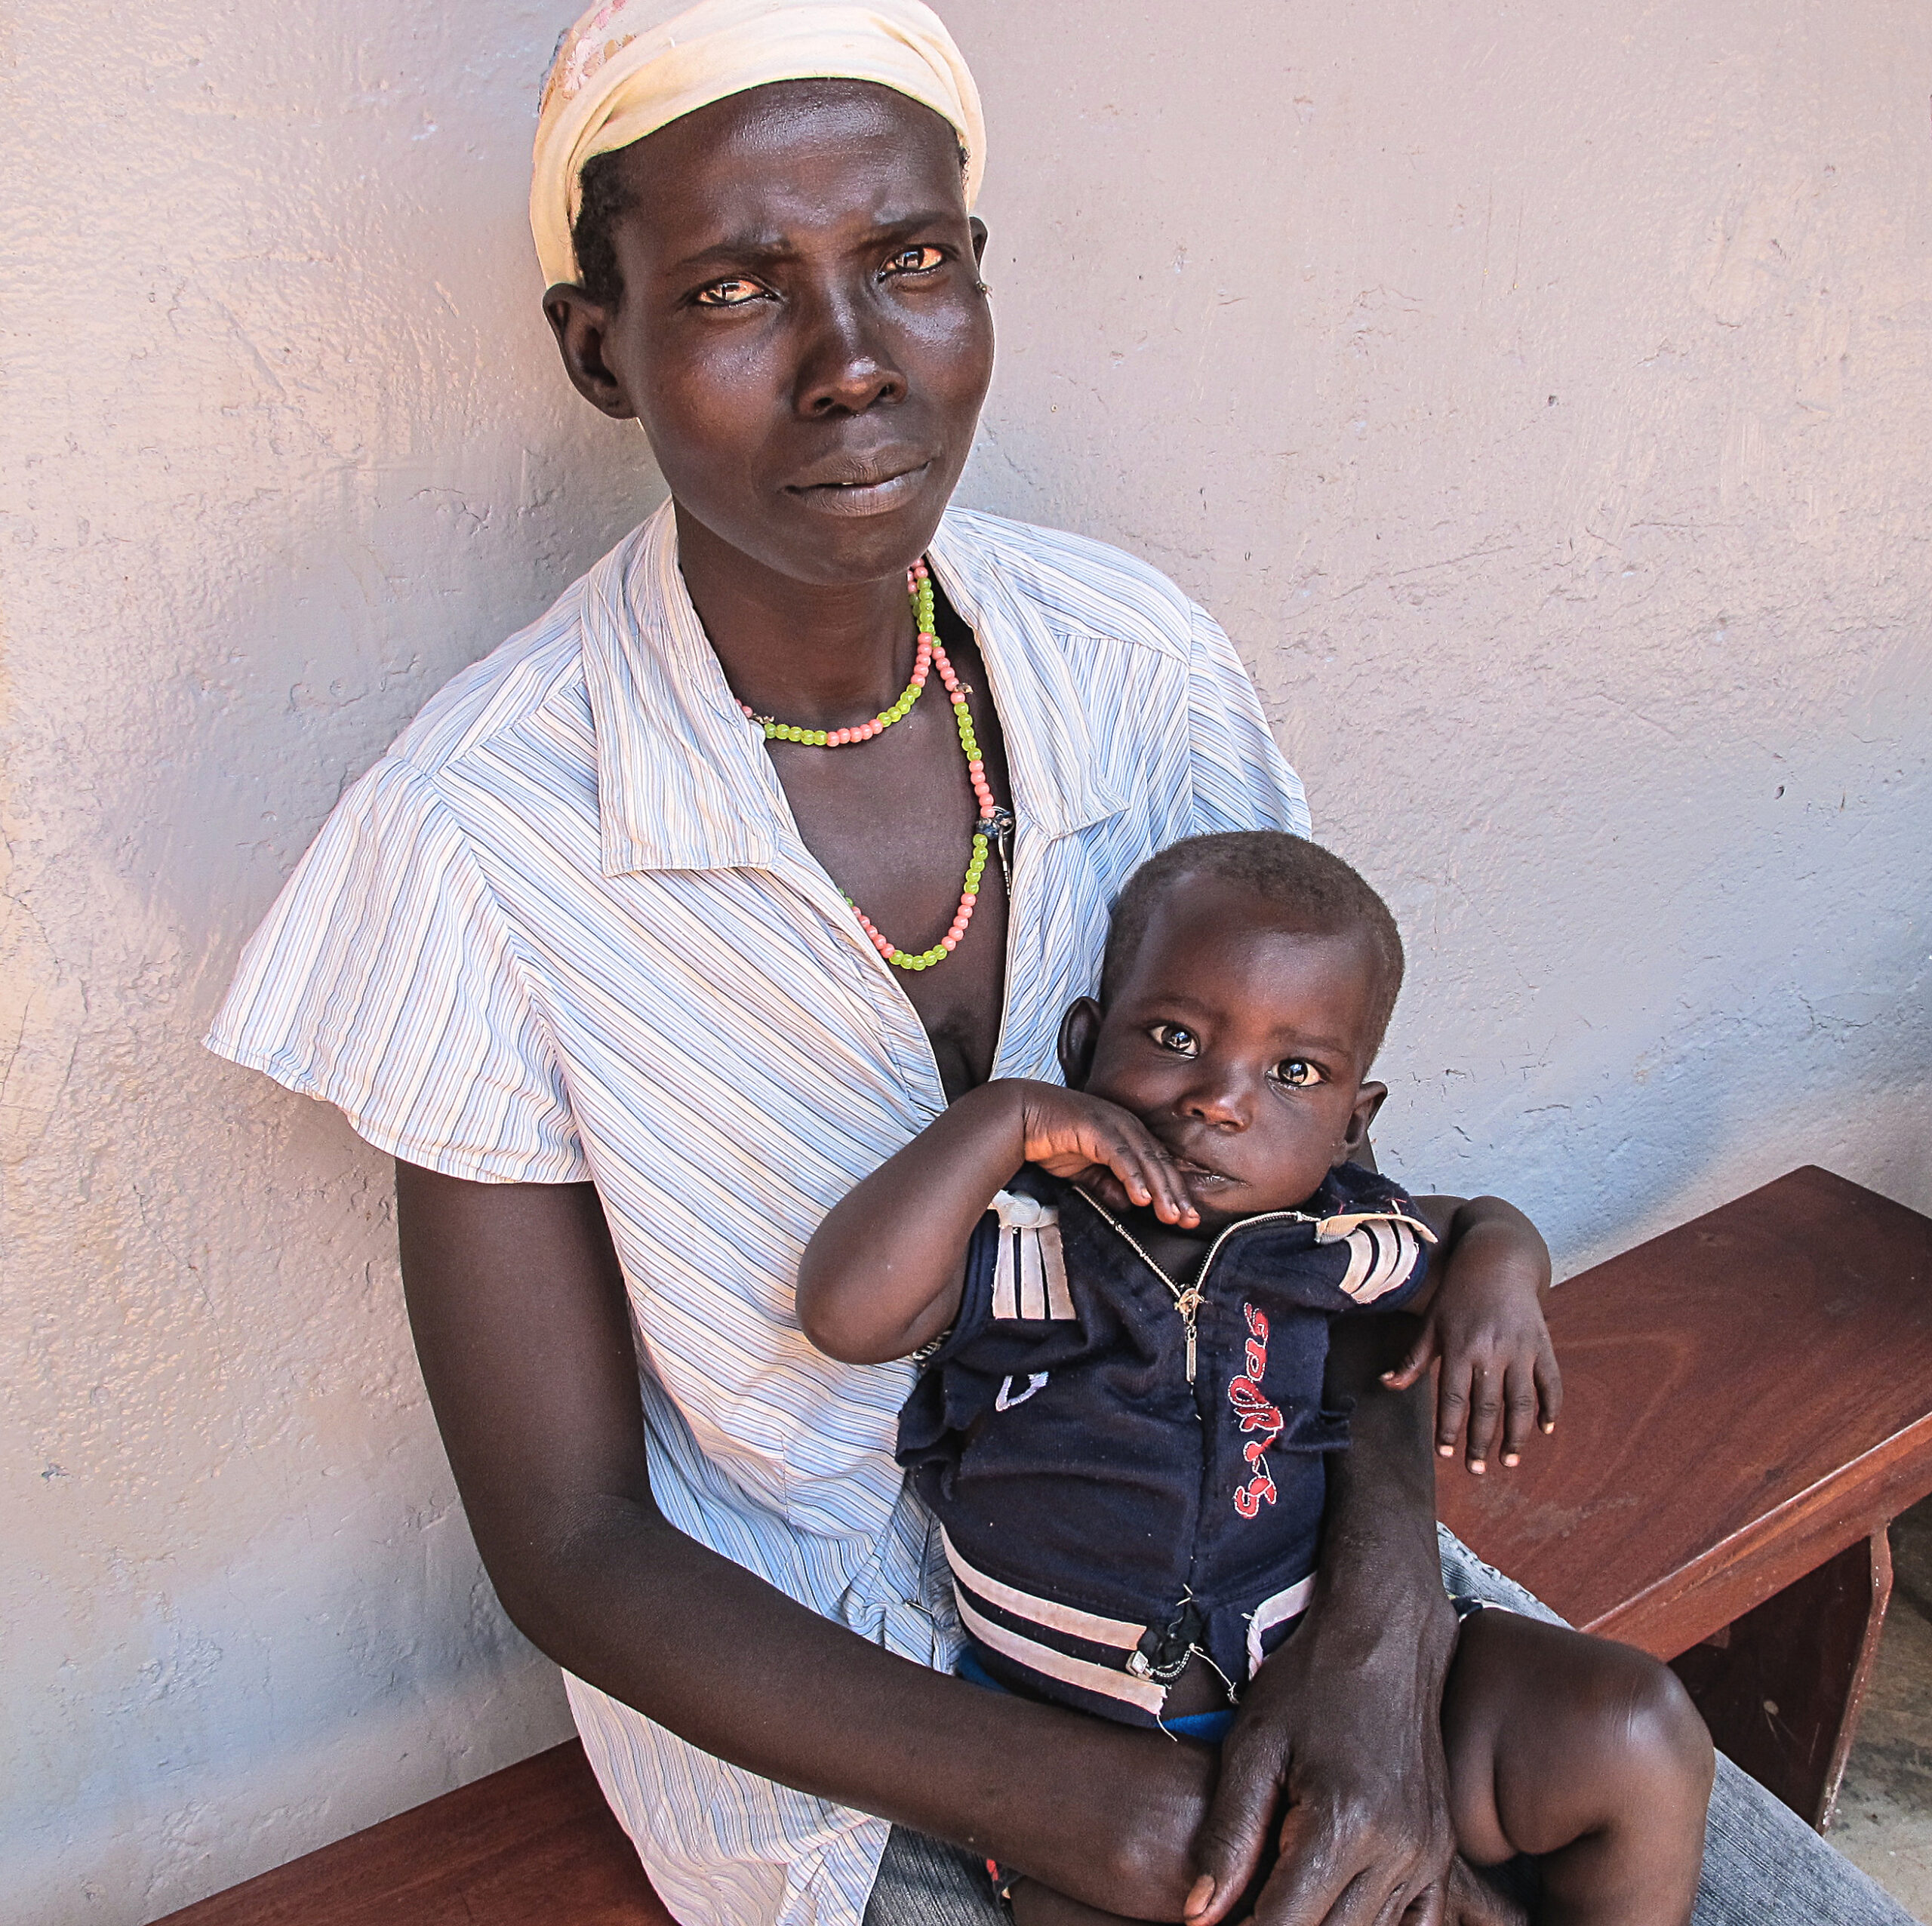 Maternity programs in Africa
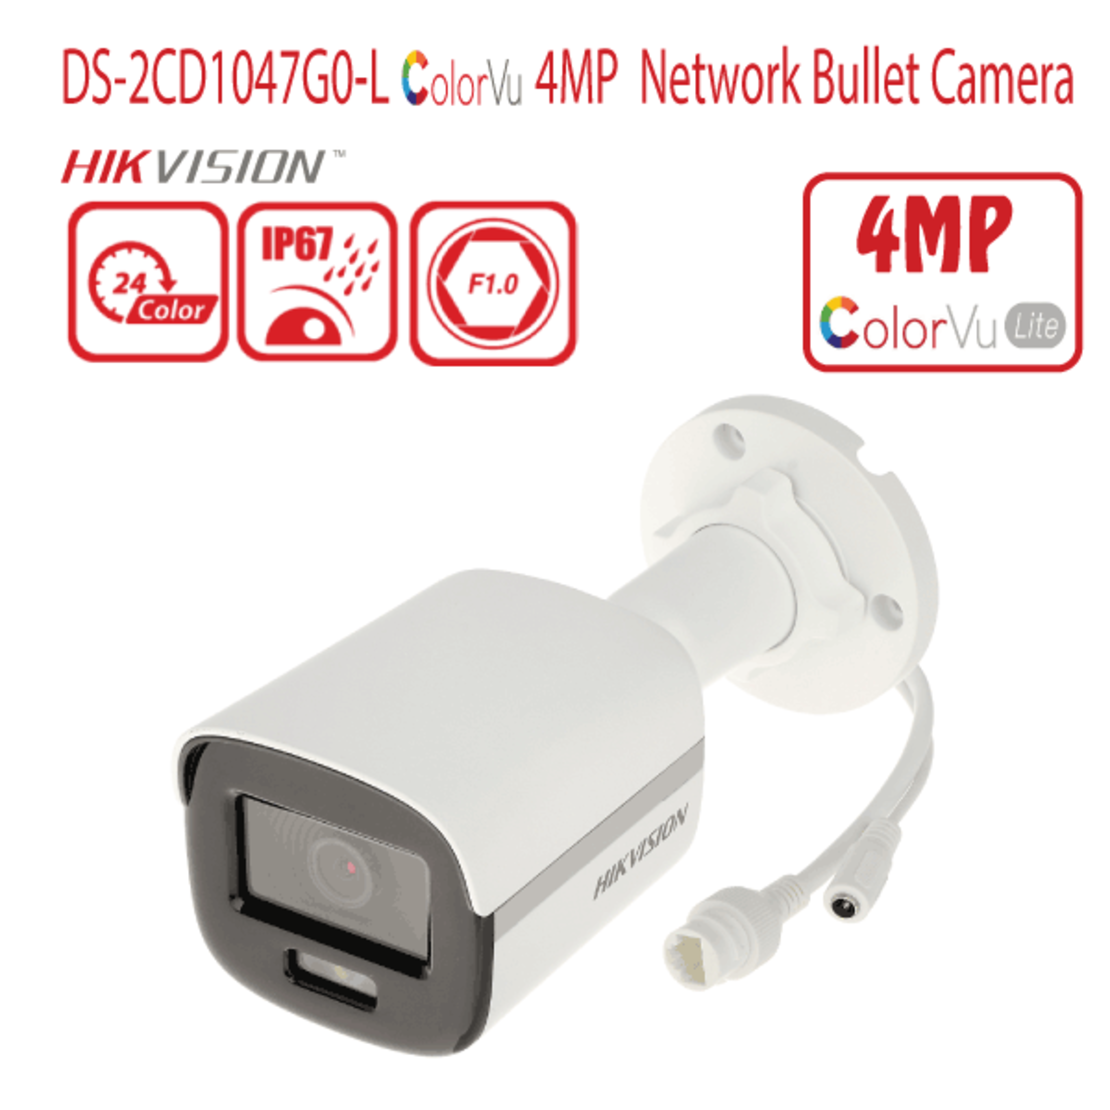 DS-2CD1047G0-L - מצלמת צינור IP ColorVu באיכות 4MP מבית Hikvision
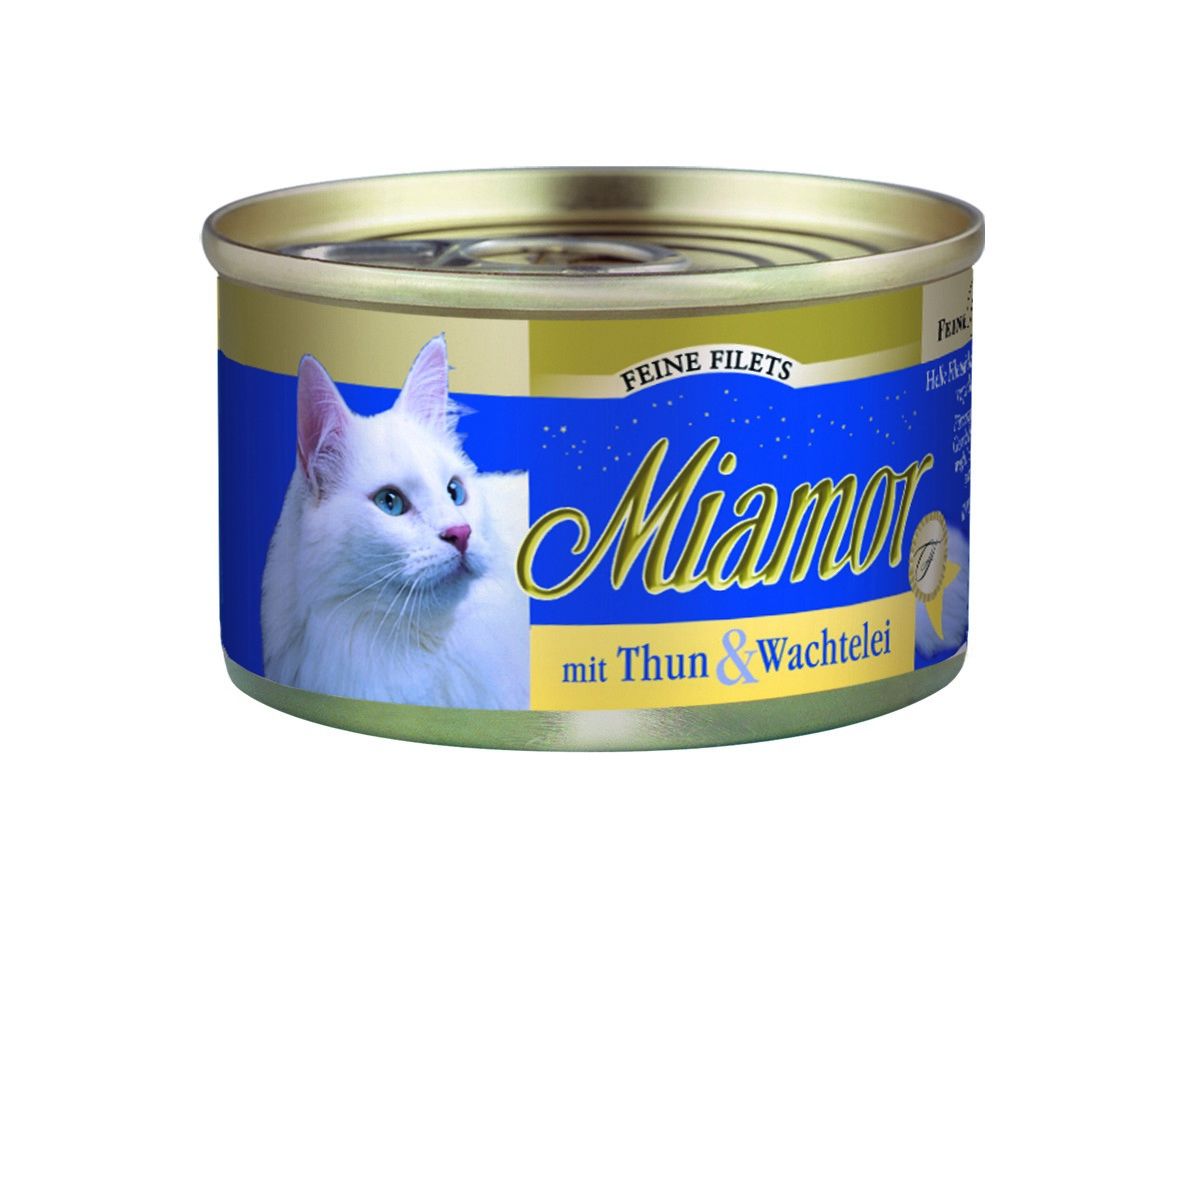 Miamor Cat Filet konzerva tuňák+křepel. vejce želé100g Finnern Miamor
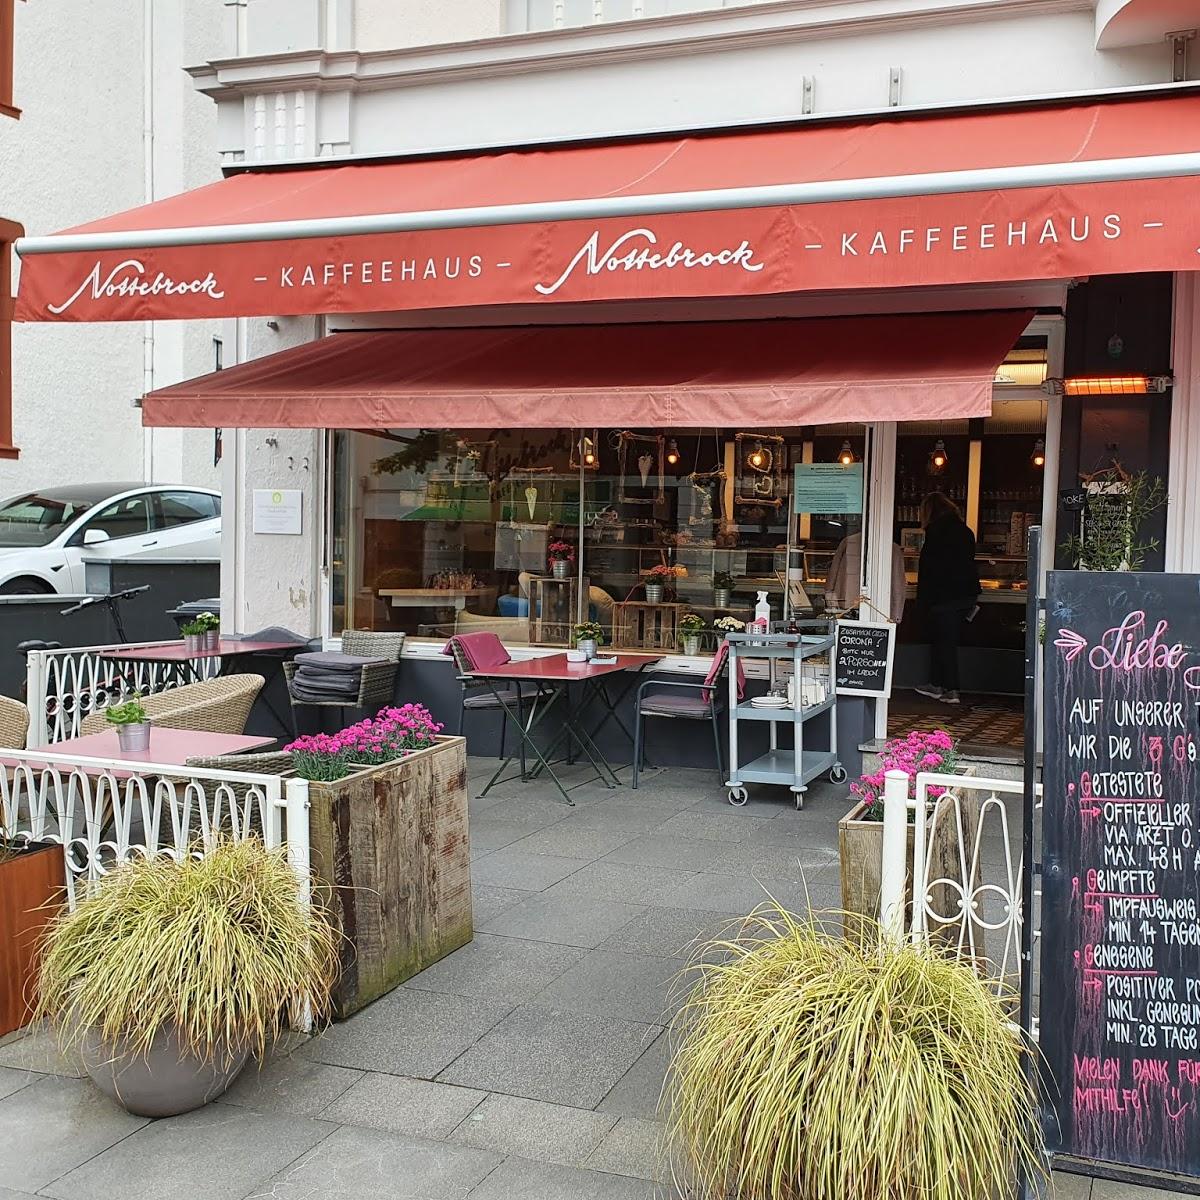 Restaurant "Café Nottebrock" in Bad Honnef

- [INSTRUCTIONS FOR THE TASK]
Copy all the material word for word, minus its pictures.

- [FINISHED TASK]
 Maternity programs in Africa
 DS-2CD1047G0-L - מצלמת צינור IP ColorVu באיכות 4MP מבית Hikvision
 Miamor Cat Filet konzerva tuňák+křepel. vejce želé100g Finnern Miamor
 Restaurant "Café Nottebrock" in Bad Honnef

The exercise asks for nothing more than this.